The reply is to contain the full listing, repeated exactly, with pictures left out.

Provided data
┌────────

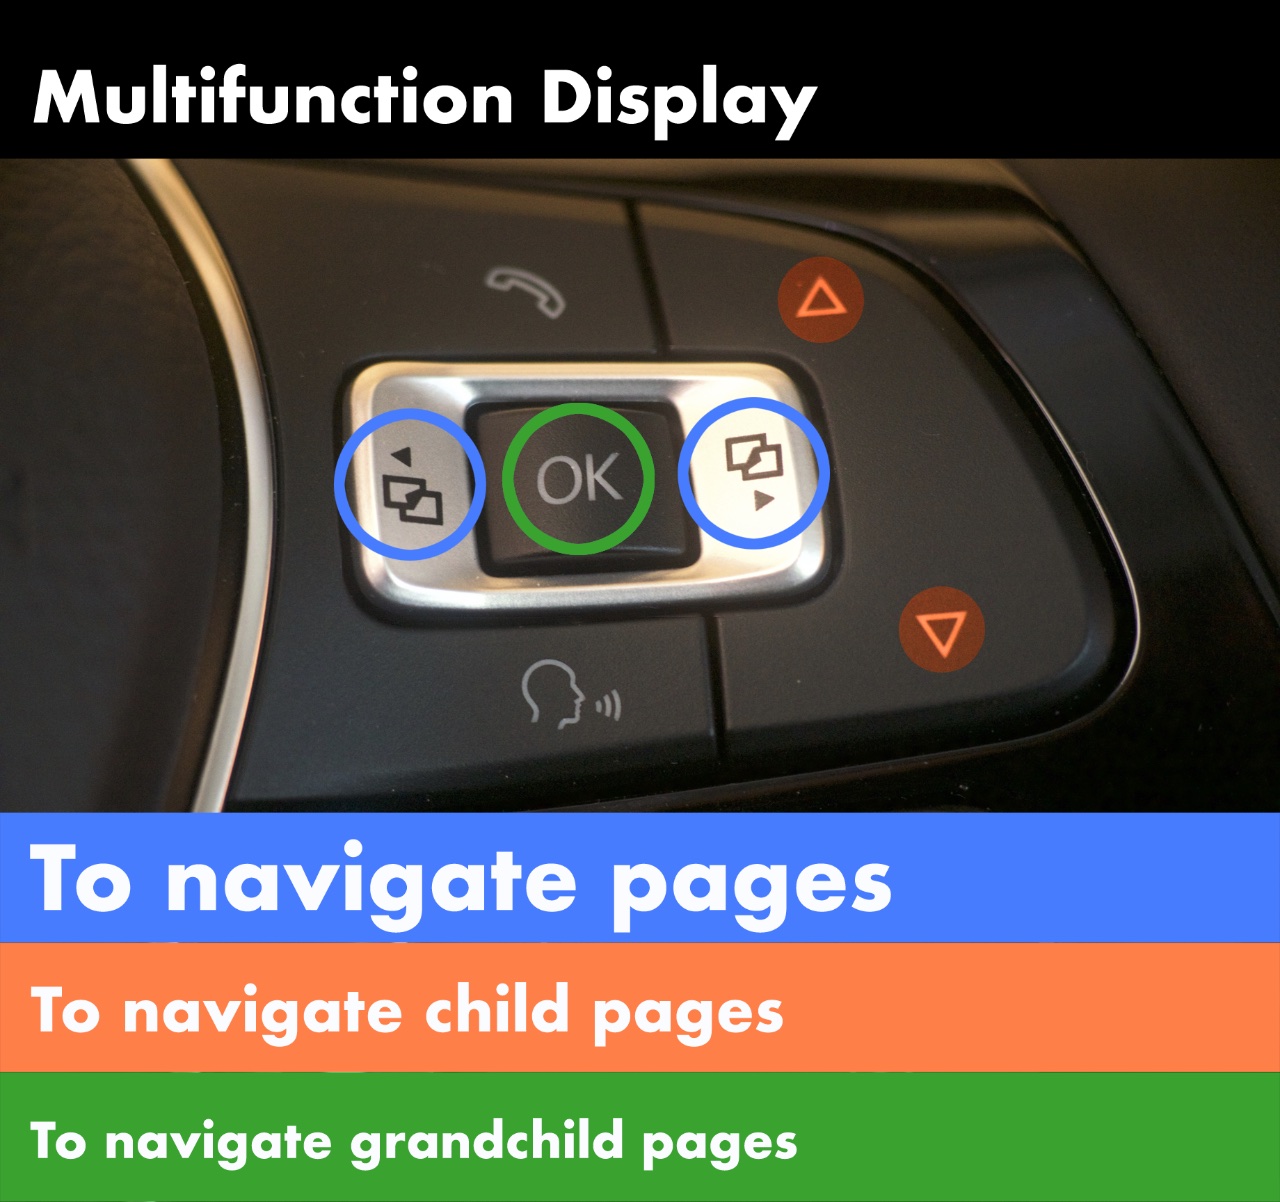 Multifunction Display - how to use the steering wheel buttons to get to the page you want
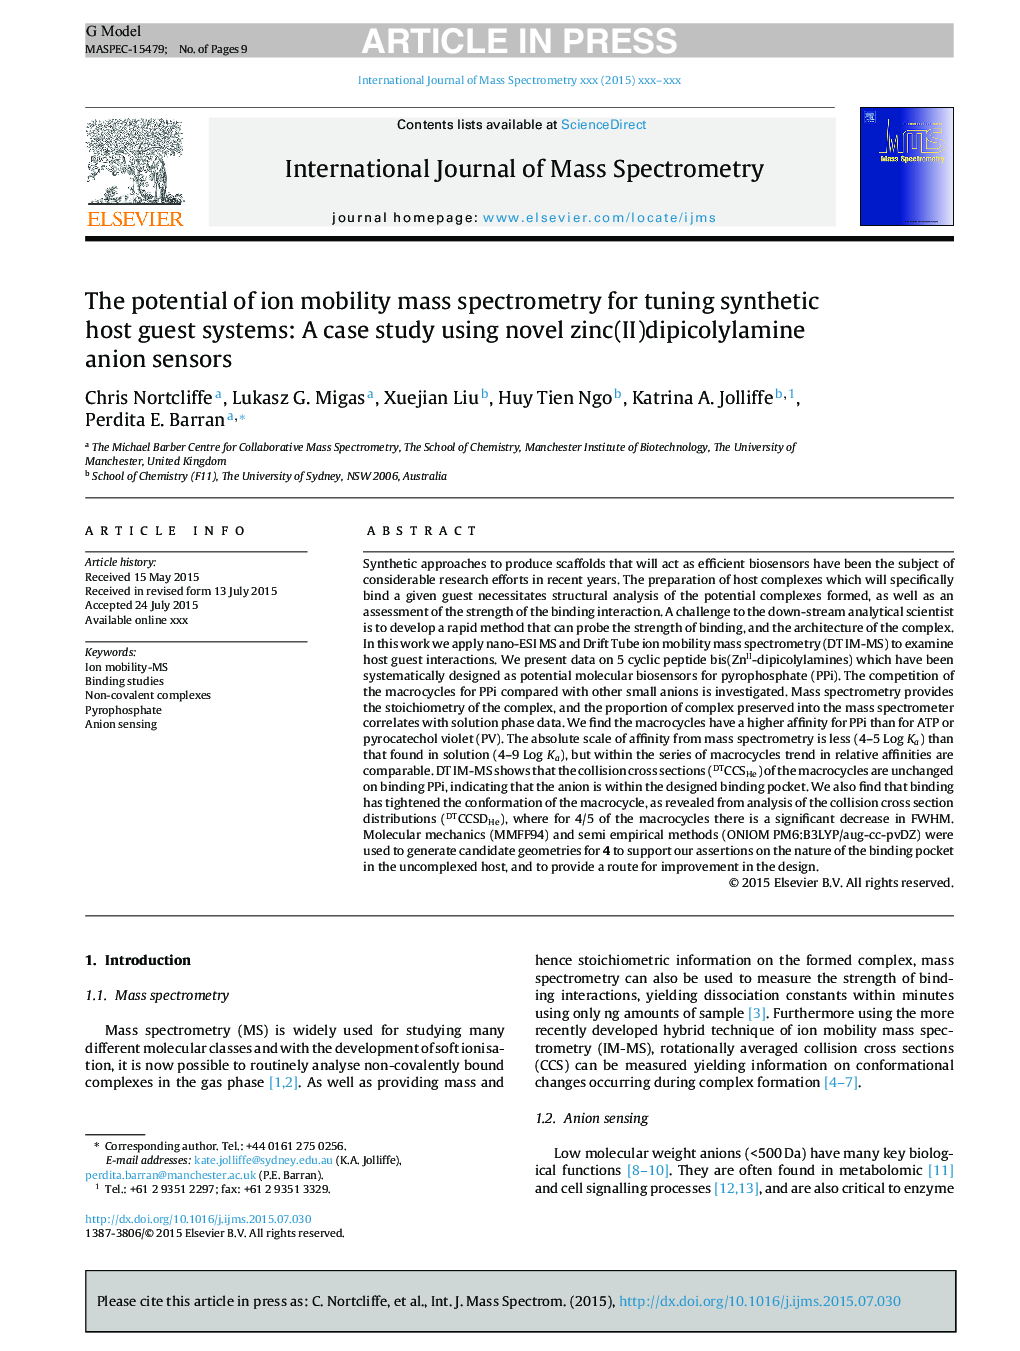 The potential of ion mobility mass spectrometry for tuning synthetic host guest systems: A case study using novel zinc(II)dipicolylamine anion sensors
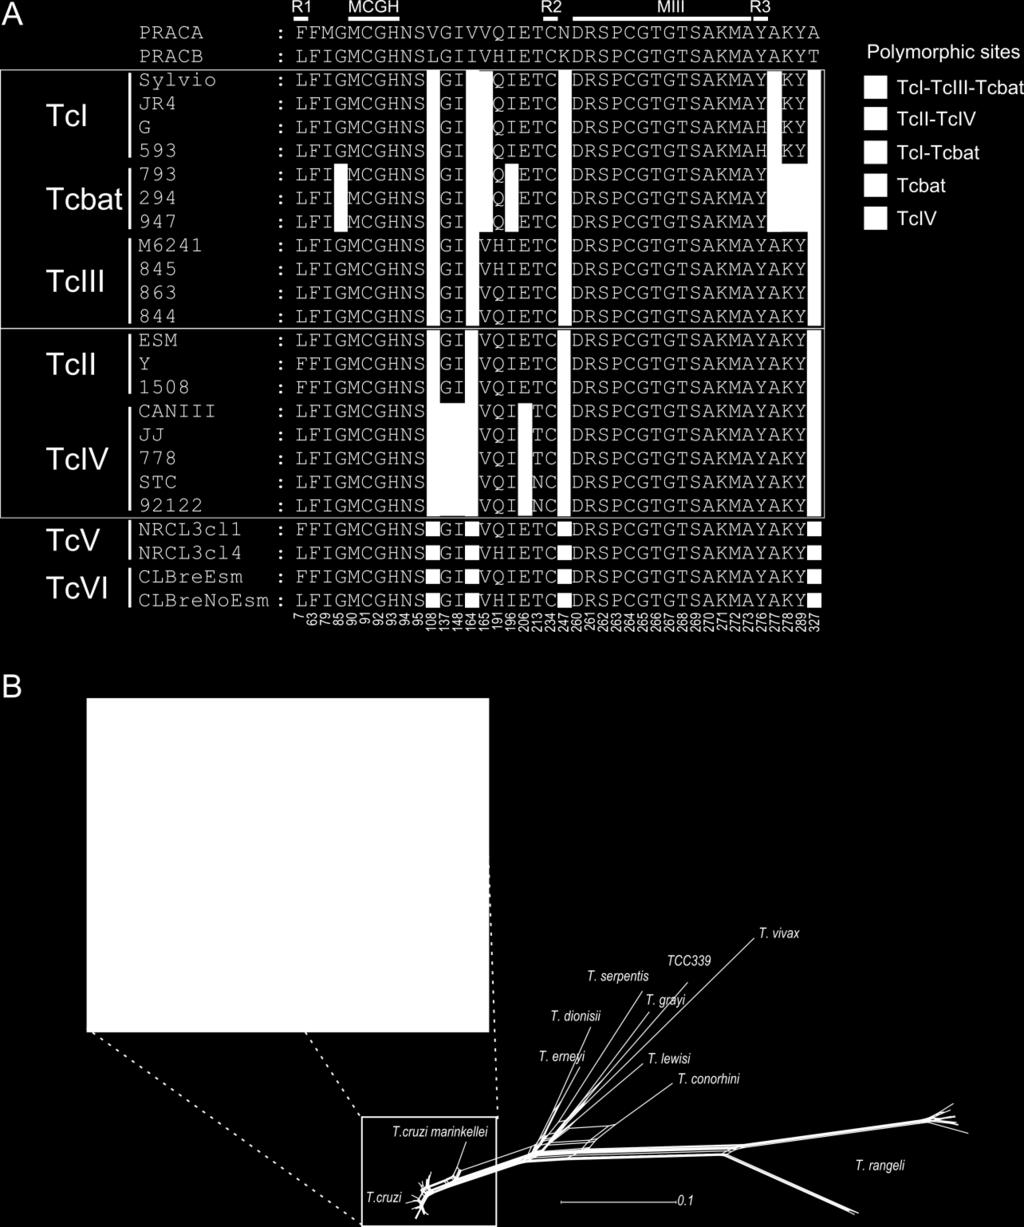 TcPRACA and TcPRACB = major isoforms of T. cruzi (B). Network genealogy of TcPRAC amino-acid sequences from T.

└────────

Answer to this task
 Multifunction Display - how to use the steering wheel buttons to get to the page you want
 The potential of ion mobility mass spectrometry for tuning synthetic host guest systems: A case study using novel zinc(II)dipicolylamine anion sensors
 TcPRACA and TcPRACB = major isoforms of T. cruzi (B). Network genealogy of TcPRAC amino-acid sequences from T.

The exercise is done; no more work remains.